Absolutamente alcoholizados (a veces, el ritual punk requiere una entrega absoluta a la idiotez), con guitarras acústicas, bongós, una armónica y una grabadora de audiocasete.

La Capa de Batman tocaba rock pendejo, Punk Floyd tocaba rock aleatorio (no sé por qué lo llamé así), cuyo método era así: alguien indicaba la melodía (rocanrol, surf, garage, a go-gó, funk, rockabilly, algo prendido), improvisábamos sobre algún tema (por ejemplo, sobre el tema de "siete enanos que son medio hermanos y medio putos"), y después de tres ensayos y mucha bebida, lo grabábamos, lo escuchábamos y nos reíamos.

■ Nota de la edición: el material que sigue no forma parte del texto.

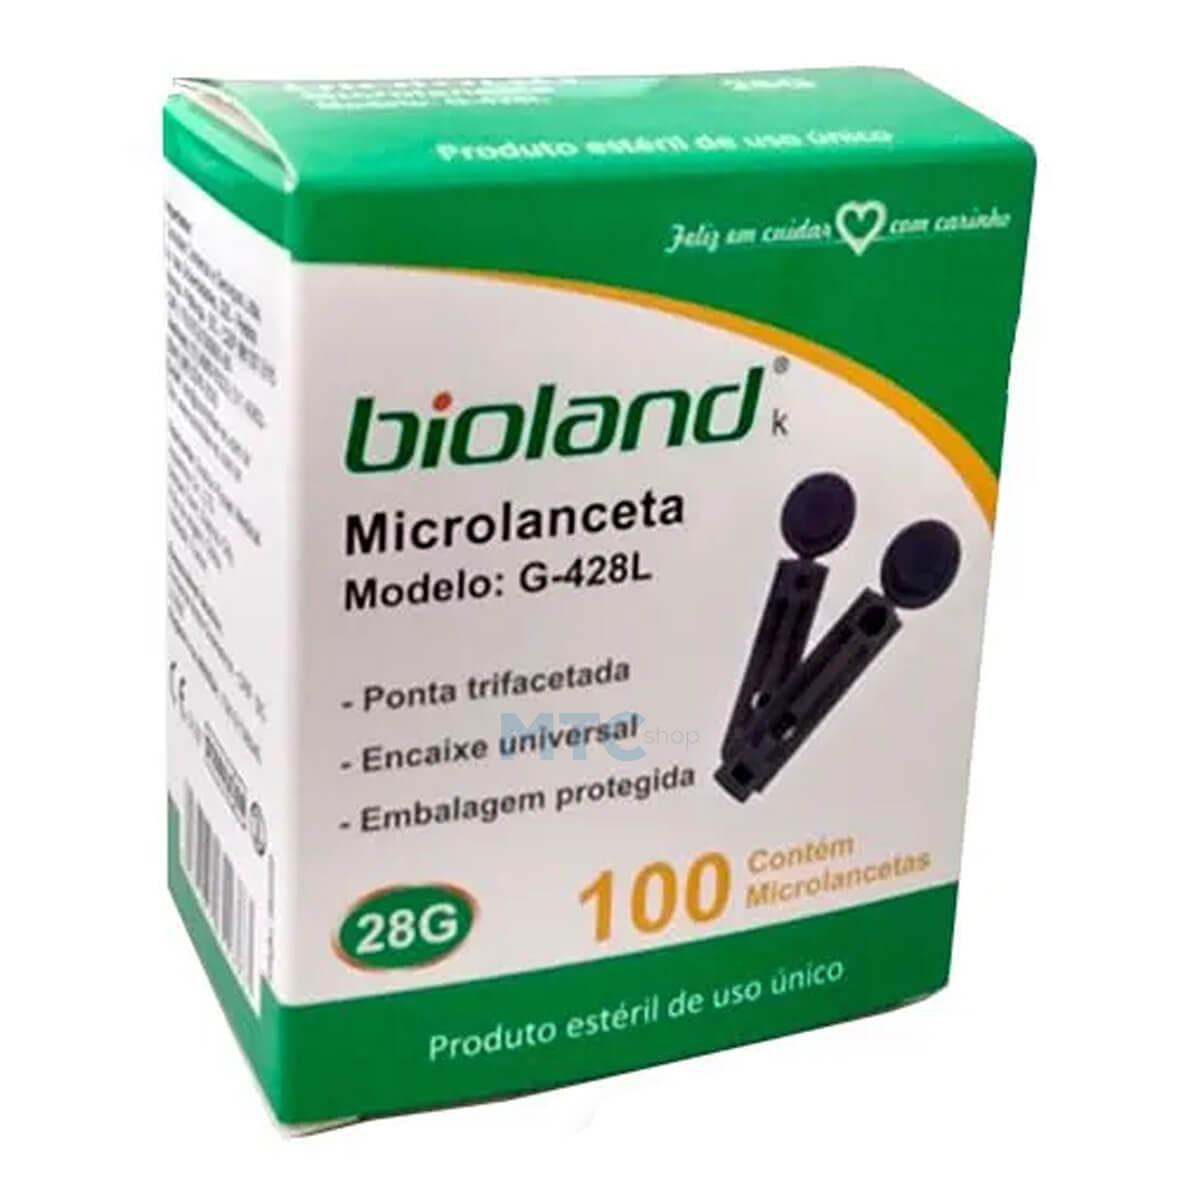 Microlanceta G-428L - Bioland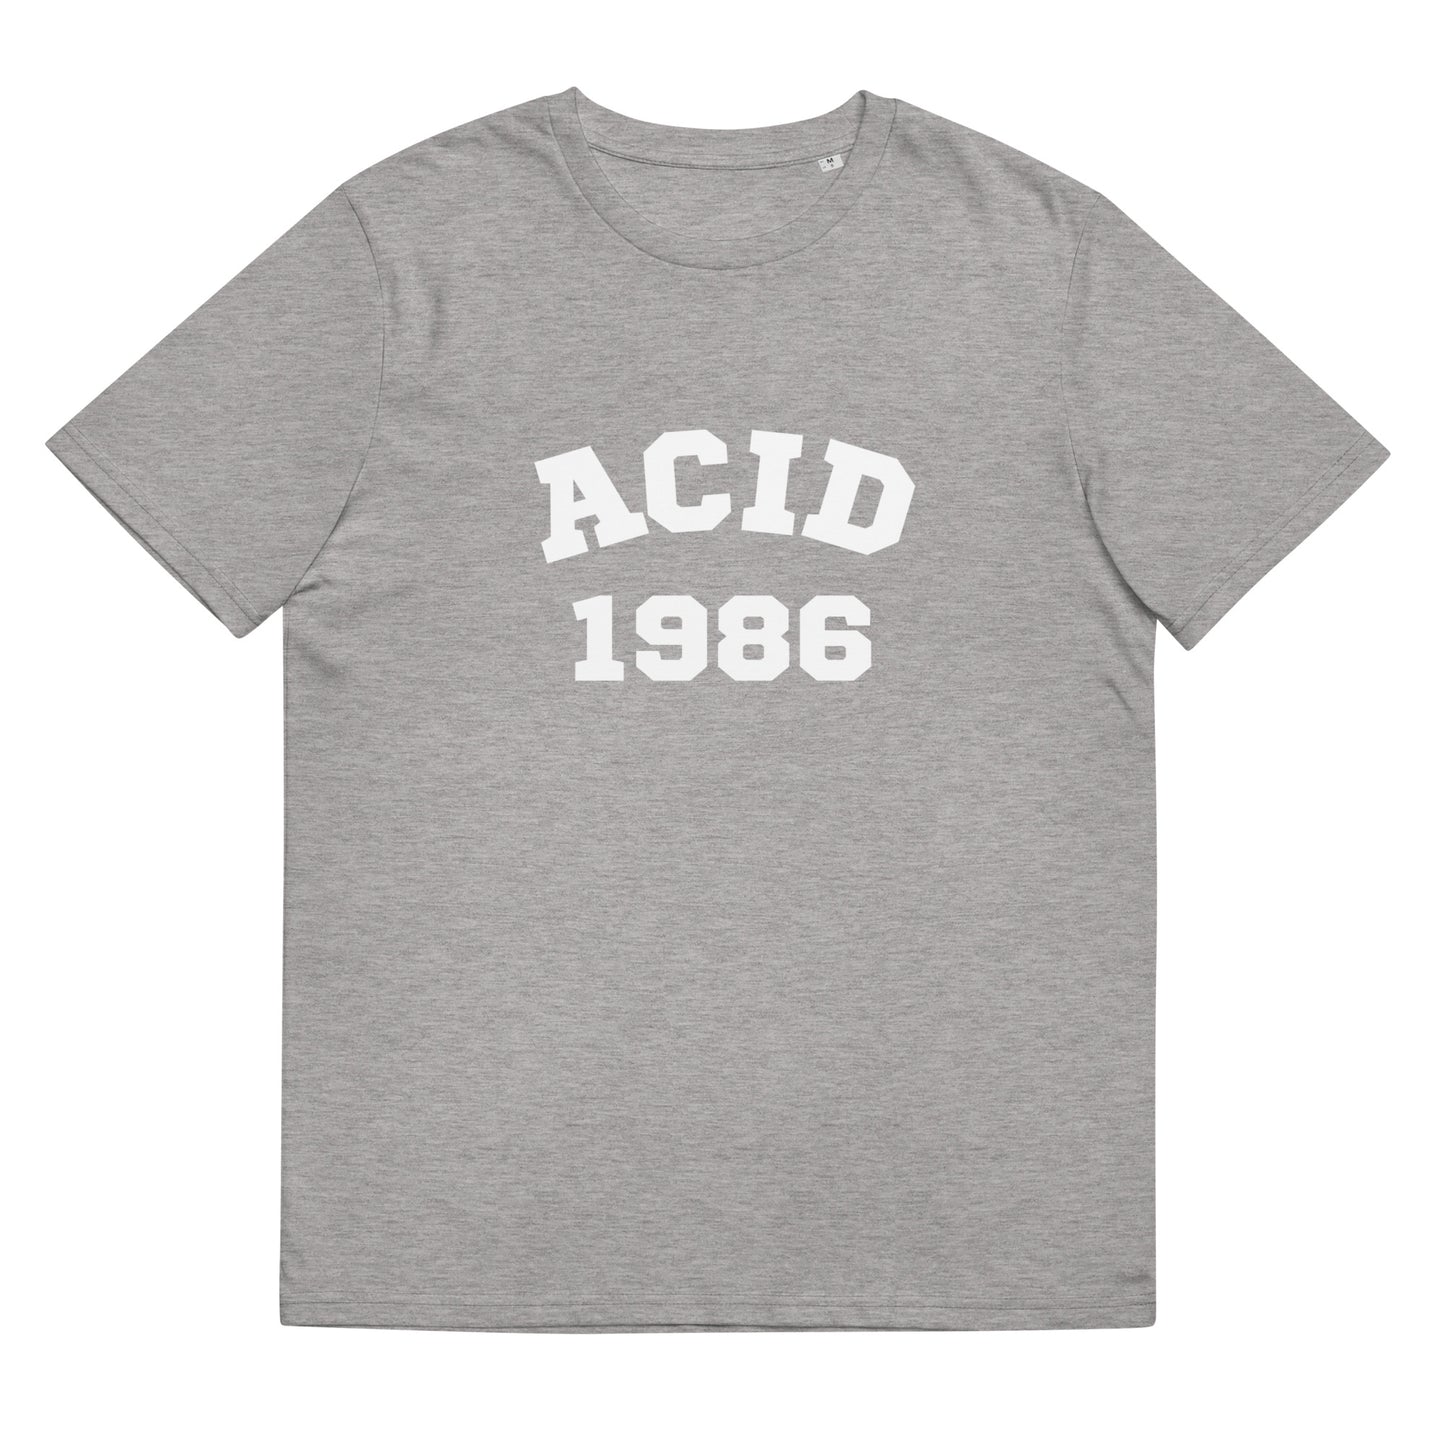 Acid 1986 - Unisex organic cotton t-shirt

Las mejores rolas fueron "María Eugenia" y "Hoy hablé con papá". La primera es un rocanrol sobre una chica de la que estábamos enamorados y le cantábamos: "¡Estás retebuena, Maria Eugenia!". Le escribíamos cartas de amor y en alguna parte de la rola, alguien descubría que se había hecho cirugía plástica y entonces todos la odiábamos; en una carta, alguien le decía: "¡Te odio! ¡Te odiamos! ¡En nombre de la religión, chinga tu madre, María Eugenia!"

"Hoy hablé con papá" es una balada tipo José Feliciano, en la que Martín canta muy sentimental, casi llorando, que su padre no lo comprende, cuando Armando Casas, inesperadamente, toca la puerta: "¡Hijo, hijo! ¡Sal de ahí! ¿Ya te la estás chaqueteando otra vez?" Martín: "¡Papá! ¡Abrázame!" Casas: "¡Una madriza es lo que te voy a dar!".

Martín, cual buen histrión, era un genio para detener la música en alguna parte muy acelerada, hacer un intermedio silencioso, susurrando algún giro dramático que cambiara la trama de la letra, para recomenzar lentamente, hasta volver a prendernos. Lamentablemente, ese casete se perdió.

Una vez, en la sala de sonido del CUEC, alguien dejó unos instrumentos de música folclórica (kenas, charangos, palos de lluvia, etc.) y con la ayuda del ingeniero de sonido Luis Schroeder, grabamos un demo profesional de una parodia de Timbiriche: "No me cuelgues". Ese demo se perdió.

Mi hermano Toño se compró una batería y yo una guitarra eléctrica con un ampli (esa batería luego se la compraría Fernando Briones para tocar con Trolebús, la banda de Choluis). Con ese equipo hicimos un concierto para video en la parte posterior de la casa de Armando, en un tercer piso en construcción, al cual se agregaron Las Ratas de Trípoli: El Tirus, El Pagüa, Toño Velez y El Doc. Recuerdo algunas buenas canciones: "Dejen a los penes en paz", "Tráiganme la cabeza de José Luis Zapata" y "Simpatía por el pollo", pero la mayor parte sí nos vemos muy dañados, hasta la madre, con tomas de una hora de un solo de batería de cada uno mientras los demás fuman un churro, se güacarean o agonizan en un rincón, con la luz dura de un foco alumbrando una obra negra. Está horrible, pero el videocasete existe, y se ve. ¡Ese video sí se ve! Por lo tanto, aunque nos comprometa con las autoridades, me parece que lo más punk sería colarse a MTV y, bajo la amenza de tirarnos unos pedos asquerosos, obligarlos a sacarlo al aire. ¡Ese video sí se ve!